Département des finances

L’avis relatif à l’intervention est disponible

Wortlaut

Le Conseil fédéral est chargé de modifier l’art. 20a, al. 1, let. a, de la loi fédérale du 14 décembre 1990 sur l’impôt fédéral direct (LIFD; RS 642.11) de manière à ce que l’utilisation des réserves de liquidités par l’acquéreur dans les cinq ans suivant un transfert d’entreprise ne soit pas considérée comme une liquidation partielle imposable pour le vendeur, pour autant que les fonds soient utilisés pour des investissements d’exploitation ou pour renforcer le fonds de roulement.

Begründung

La réglementation actuelle prévue à l’art. 20a, al. 1, let. a, LIFD pose un problème fondamental aux vendeurs d’entreprises : ils sont imposés pour les décisions opérationnelles prises par l’acquéreur, alors qu’ils n’ont plus aucune influence, depuis la vente, sur la gestion de l’entreprise ni sur l’utilisation des liquidités dont celle-ci dispose. Cette pratique a pour conséquence que les acheteurs sont contraints soit de laisser des réserves de liquidités inutilisées au sein de l’entreprise, soit d’inclure des clauses complexes de blocage des fonds dans les contrats de vente afin d’éviter tout risque fiscal pour le vendeur. Ces deux options limitent la liberté d’action économique de l’acheteur et la flexibilité indispensable à la réussite de la succession d’une entreprise.
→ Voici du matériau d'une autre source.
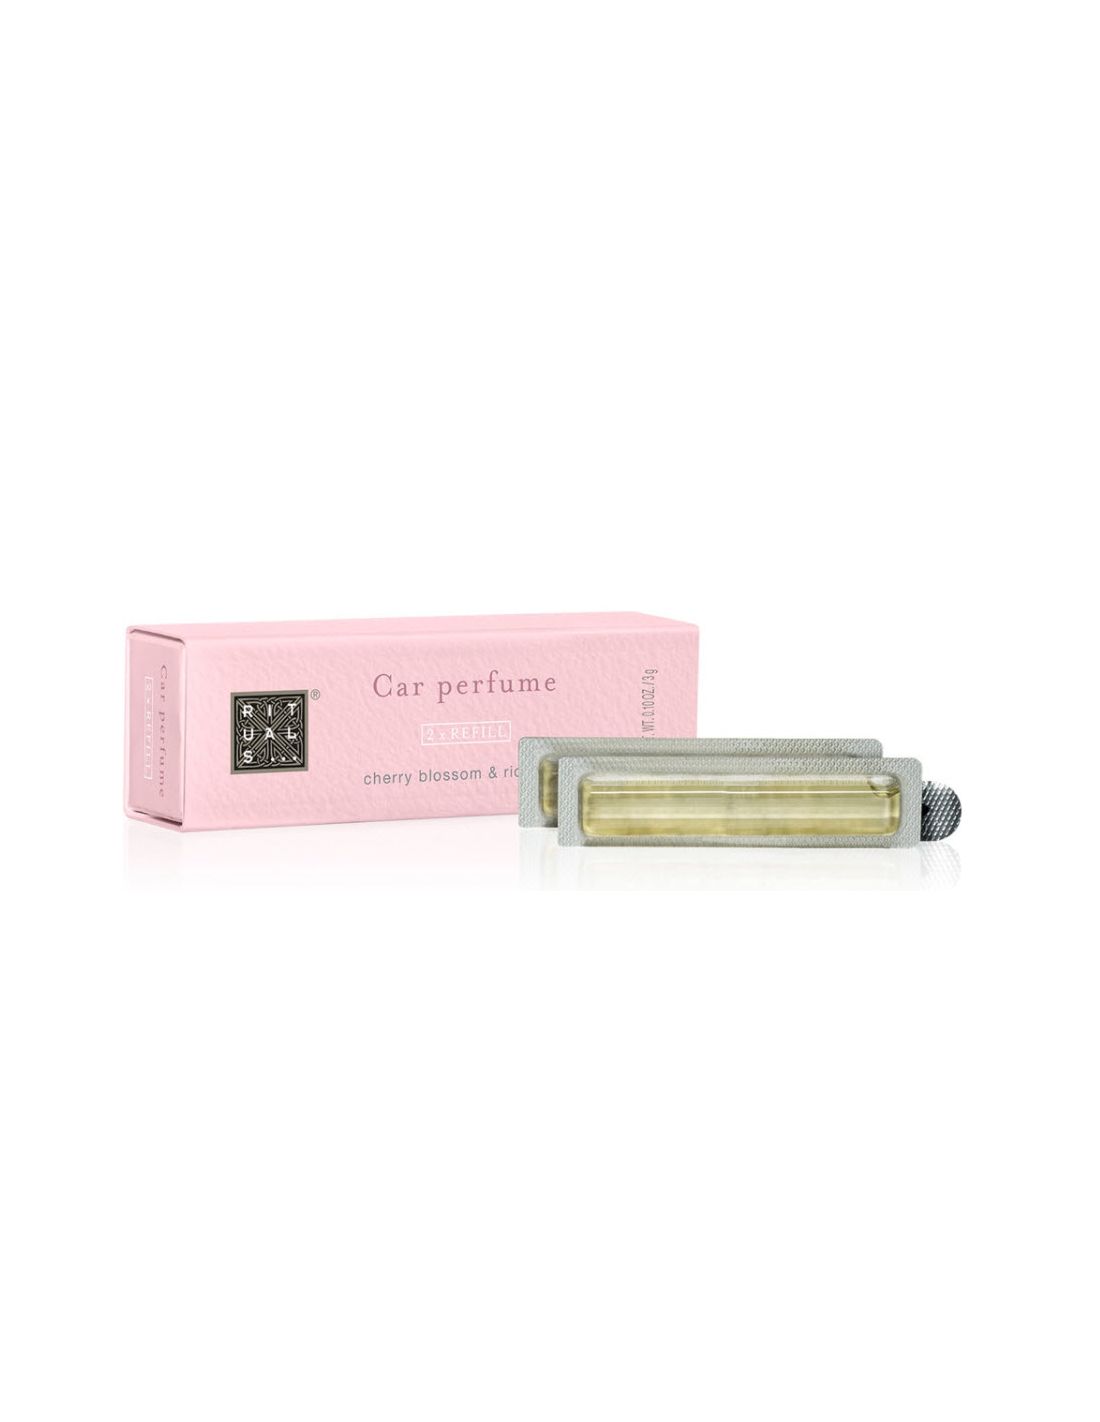 THE RITUAL OF KARMA - Parfum voiture - recharge - RITUALS - Marionnaud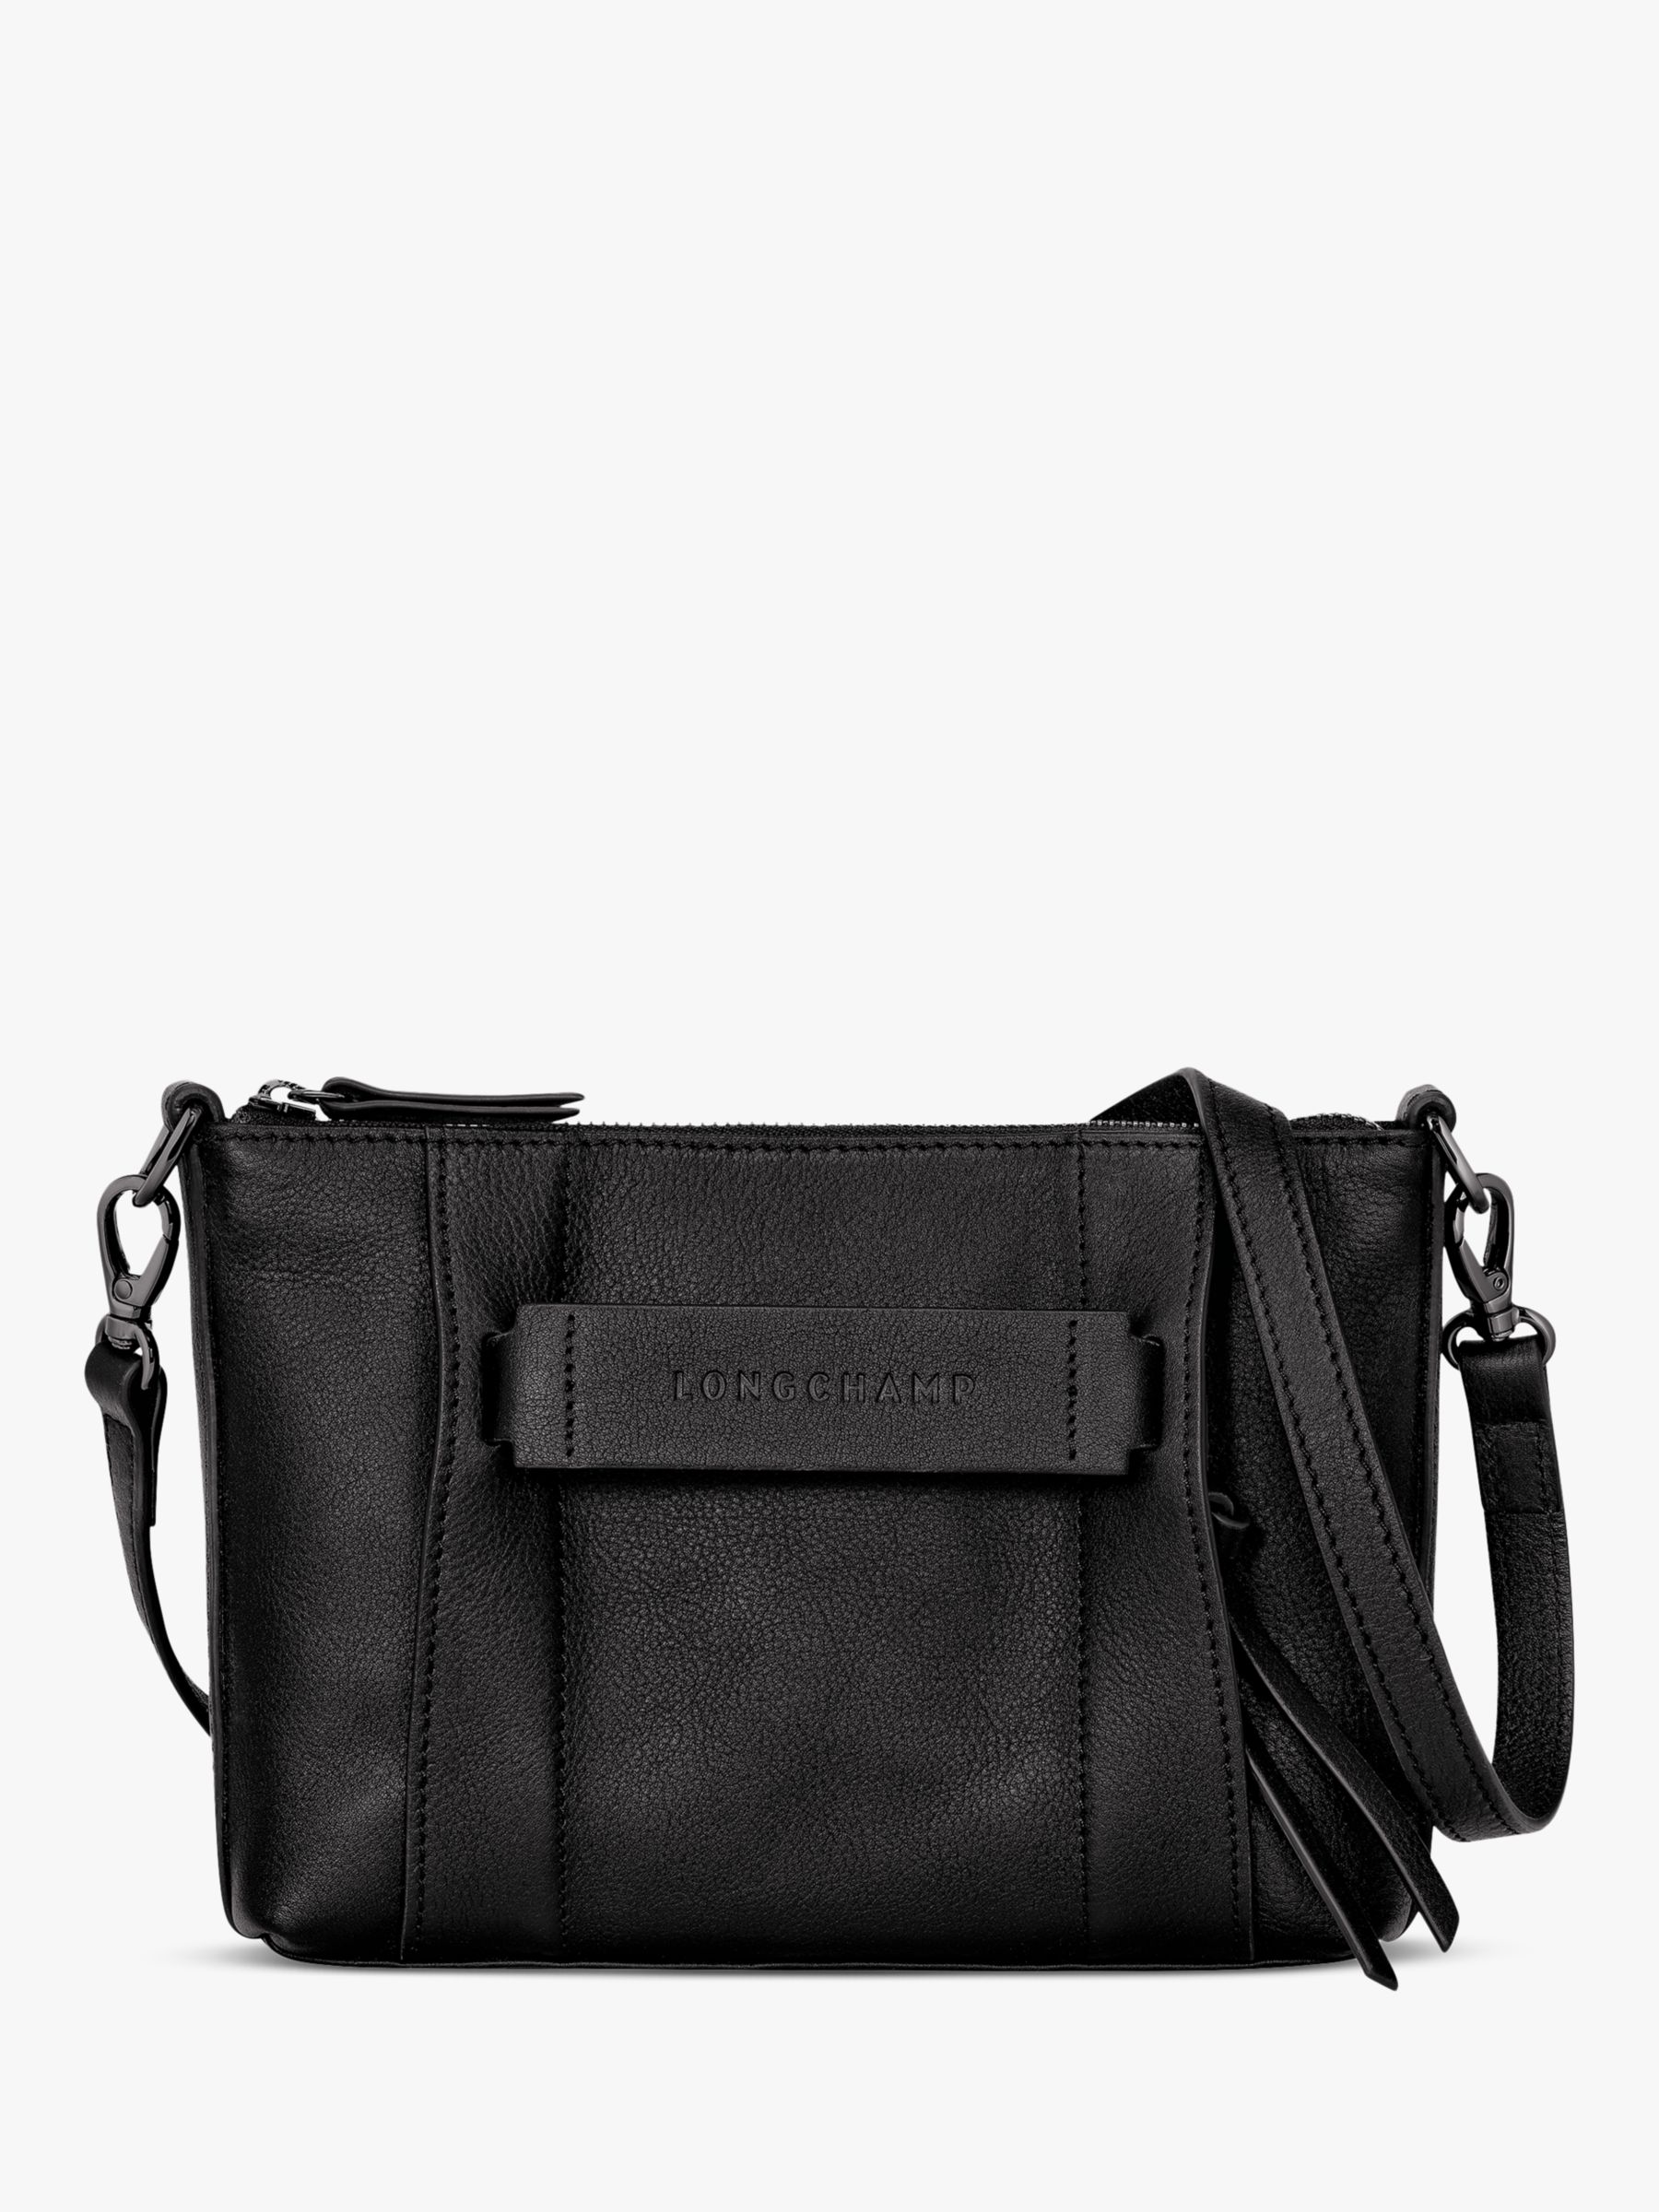 Longchamp 3D Small Cross Body Bag, Black at John Lewis & Partners

La discrimination systématique dont sont victimes les vendeurs, du fait de l’imposition de décisions sur lesquelles ils n’ont plus aucune prise, est contraire au principe de responsabilité fiscale et engendre inutilement une insécurité juridique. Cette situation a des répercussions négatives directes sur l’attrait de la Suisse en tant que lieu de transmission d’entreprises, en particulier pour les investisseurs internationaux, qui hésitent à faire des acquisitions en raison des risques fiscaux. De plus, la réglementation actuelle a pour effet de bloquer souvent des réserves de liquidités de manière improductive de sorte qu’elles ne sont pas investies dans la croissance ou l’innovation. Une modification de la loi visant à limiter l’imposition aux prélèvements privés effectifs du vendeur permettra non seulement d’assurer la sécurité juridique, mais aussi de renforcer la compétitivité de la Suisse en tant que place économique. Cette modification constituera une avancée importante, surtout pour les PME, qui ont particulièrement besoin de solutions de succession flexibles. Elle facilitera la relève générationnelle et préservera le dynamisme des PME suisses.

Antrag des Bundesrates

Rejet

Stellungnahme des Bundesrates

L’actuel art. 20a de la loi fédérale sur l’impôt fédéral direct (LIFD ; RS 642.11) a été introduit en 2006, afin à la fois de codifier et de limiter la pratique qui était suivie par le Tribunal fédéral en matière de liquidation partielle indirecte. La délimitation entre gains en capital non imposables et dividendes imposables reste encore nécessaire dans le droit fiscal actuel. L’art. 20a, al. 1, let. a, LIFD établit cette délimitation en indiquant que la distribution de substance non nécessaire à l’exploitation est une condition sine qua non pour que le vendeur soit imposé. Les détails relatifs à ce critère sont concrétisés dans la pratique et la jurisprudence. Selon l’interprétation du Conseil fédéral, les « réserves de liquidités » mentionnées dans la motion correspondent à une telle substance non nécessaire à l’exploitation, sous forme liquide. Pour qu’elles soient soumises à l’imposition, il faudrait ajouter une nouvelle condition dans la loi, qui serait toutefois difficile à mettre en œuvre. En effet, étant donné que les liquidités sont fongibles, il serait compliqué dans la pratique de prouver, pour un groupe d’entreprises avec divers flux financiers, tels que des investissements et des remboursements de crédits, que les fonds distribués ont été utilisés pour des investissements d’exploitation ou pour renforcer le fonds de roulement. Aujourd’hui déjà, la substance non nécessaire à l’exploitation, dont la distribution ultérieure aurait des conséquences fiscales indésirables pour le vendeur, peut être distribuée avant la vente. Sans transfert de substance non nécessaire à l’exploitation, le prix d’achat peut être réduit, ce qui rend l’achat abordable pour un grand nombre de personnes et facilite les successions flexibles d’entreprises dans le secteur des PME. La réglementation actuelle sert à limiter les structurations de ventes d’entreprises motivées par la planification fiscale, qui visent à transformer le produit imposable de la liquidation en gains en capital exonérés d’impôt. La mise en œuvre de la motion favoriserait cet instrument de planification fiscale et entraînerait vraisemblablement une augmentation du recours à de tels montages. Le Conseil fédéral estime par conséquent qu’il n’est pas nécessaire de modifier la loi.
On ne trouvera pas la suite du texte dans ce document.